The task requires repeating, word for word, the lines from the one with "芭蕾舞酒吧里的七个芭蕾舞者照片摄影图片" through the end of the material, leaving out all pictures.

Input data:

"""

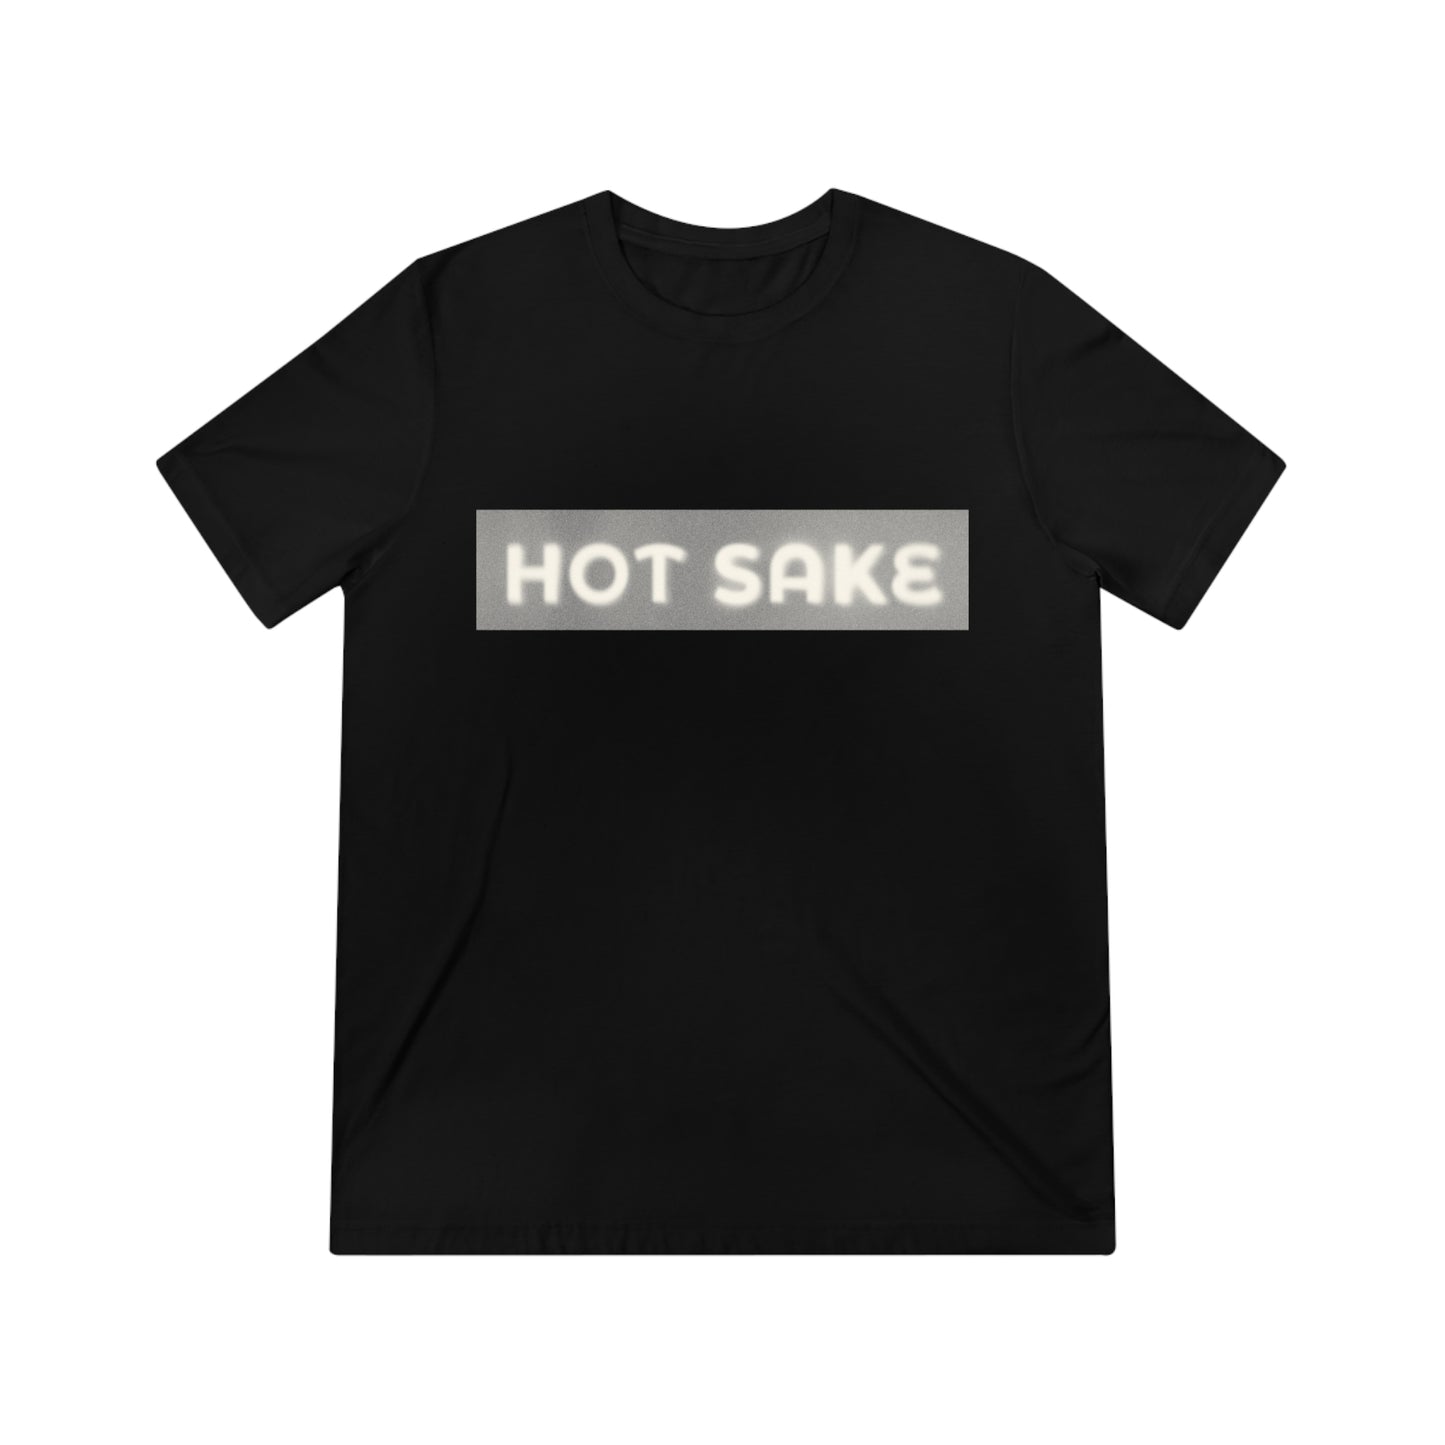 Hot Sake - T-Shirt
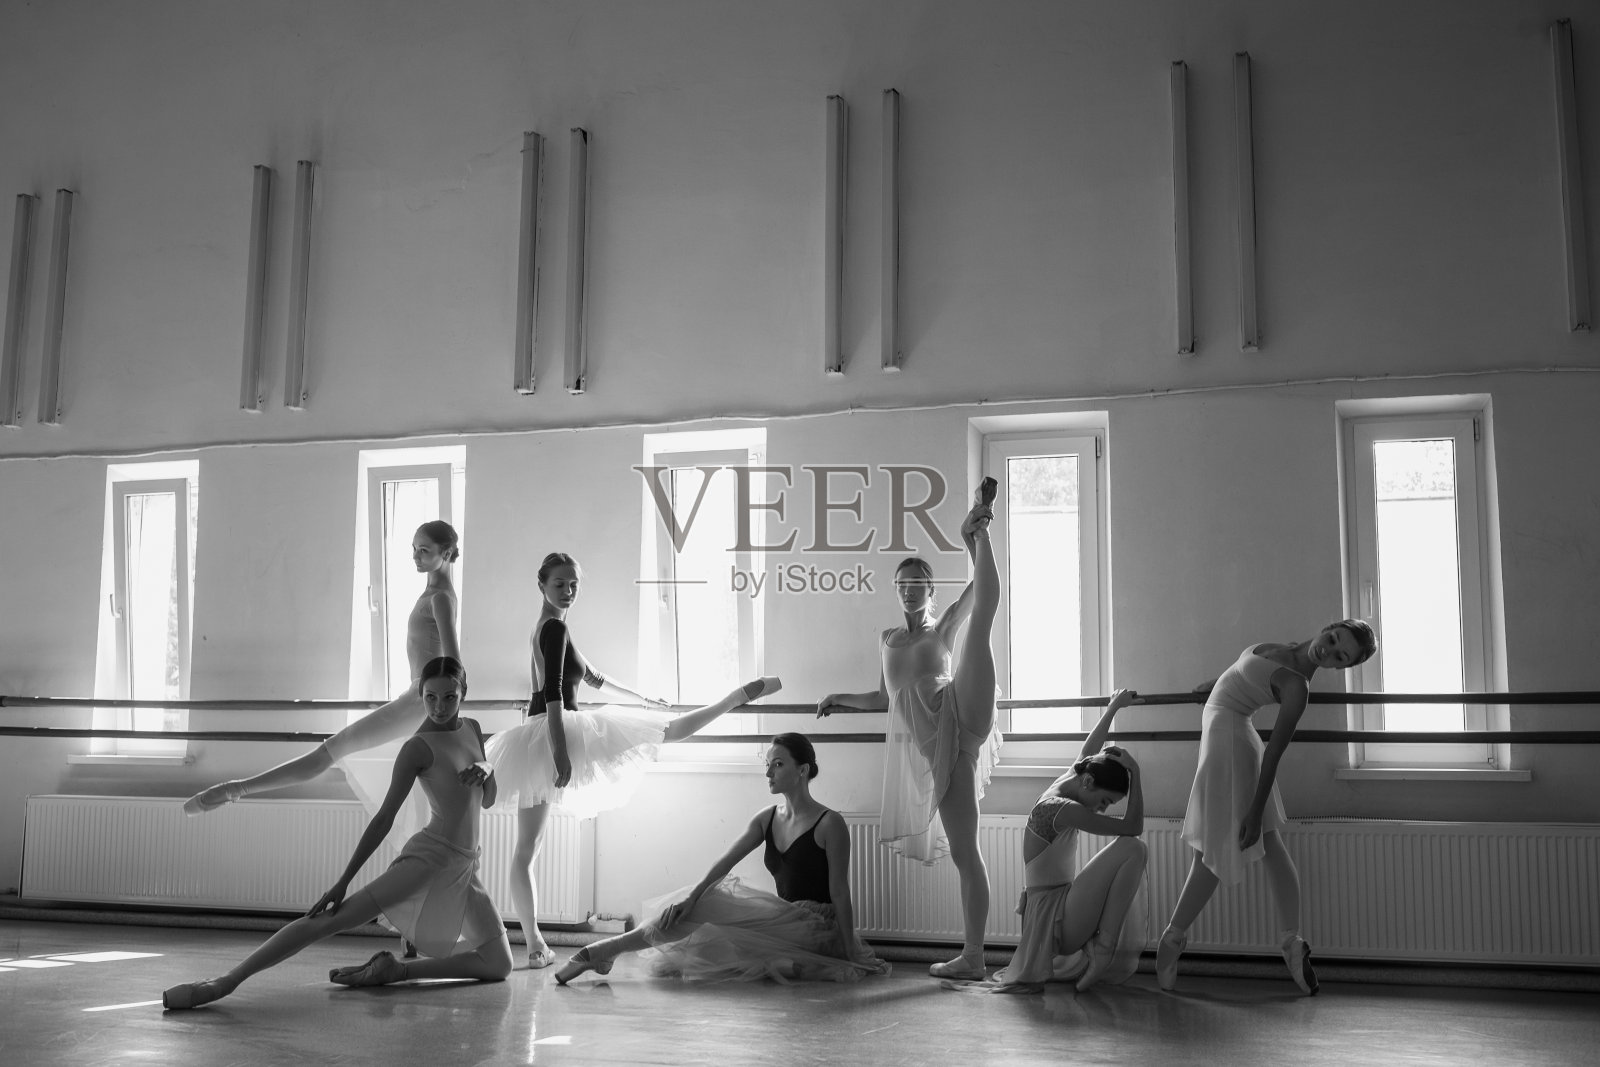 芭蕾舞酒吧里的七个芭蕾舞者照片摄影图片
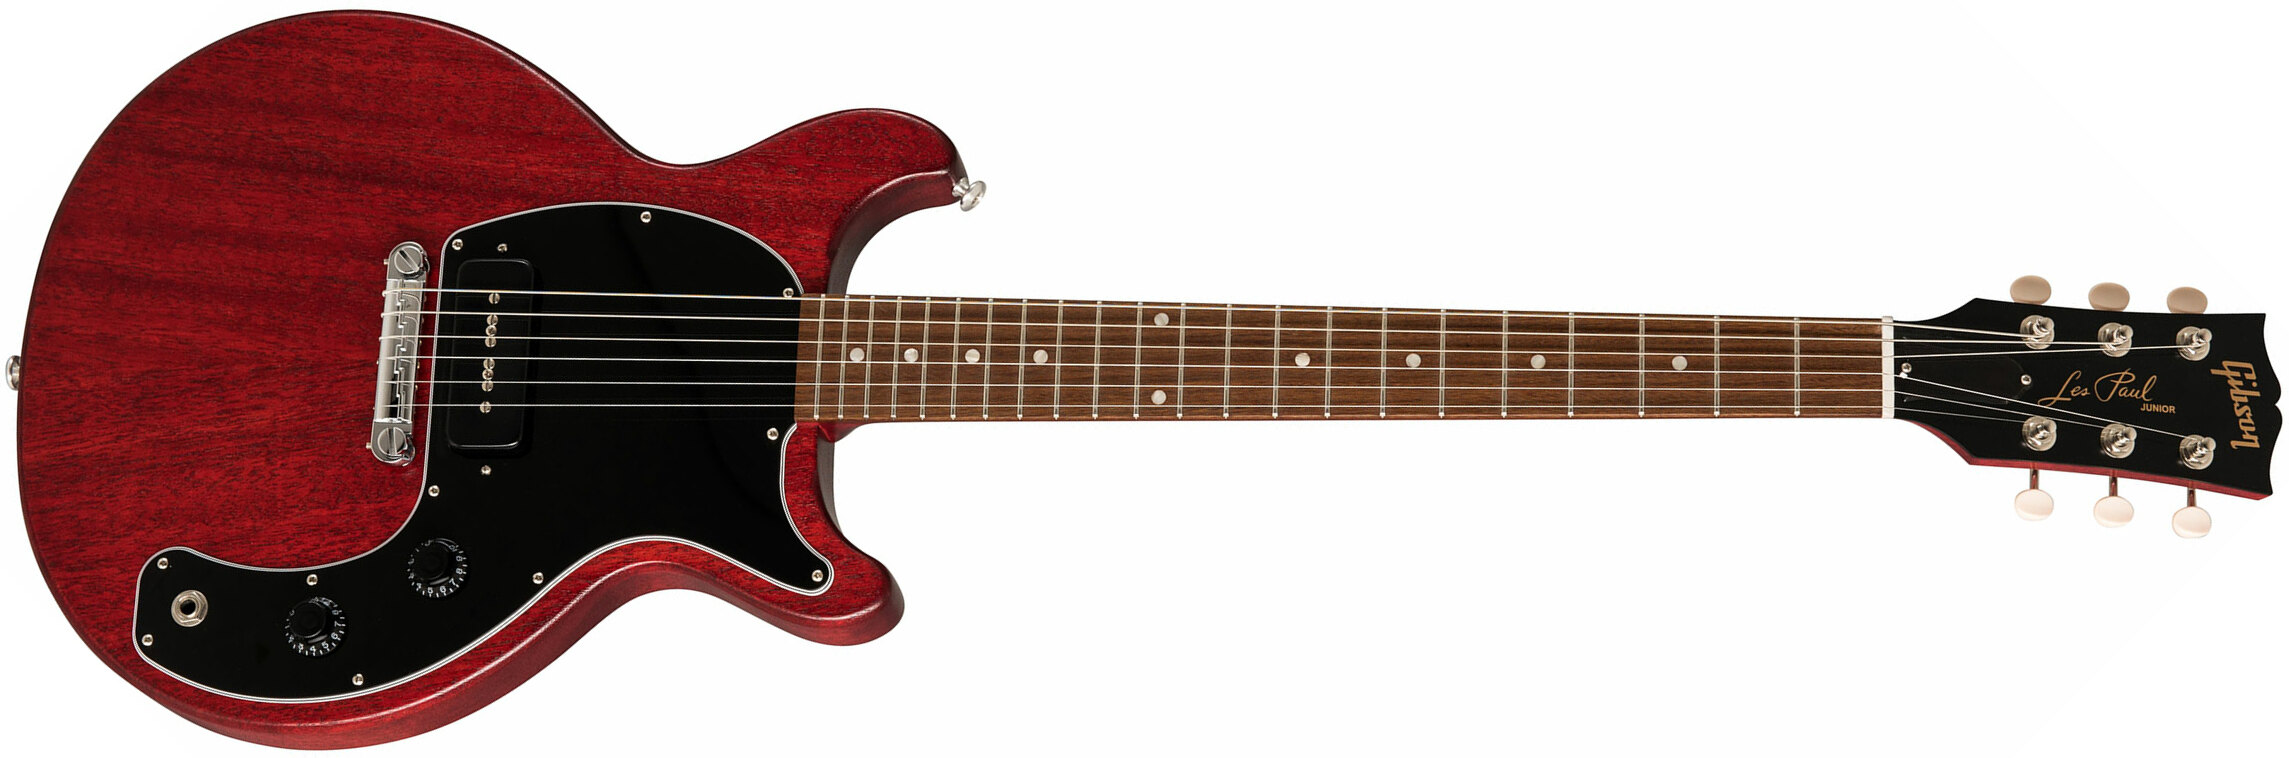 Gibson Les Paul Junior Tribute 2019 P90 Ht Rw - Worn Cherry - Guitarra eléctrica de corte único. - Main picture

"""

Answer to the exercise:
 芭蕾舞酒吧里的七个芭蕾舞者照片摄影图片
 Gibson Les Paul Junior Tribute 2019 P90 Ht Rw - Worn Cherry - Guitarra eléctrica de corte único. - Main picture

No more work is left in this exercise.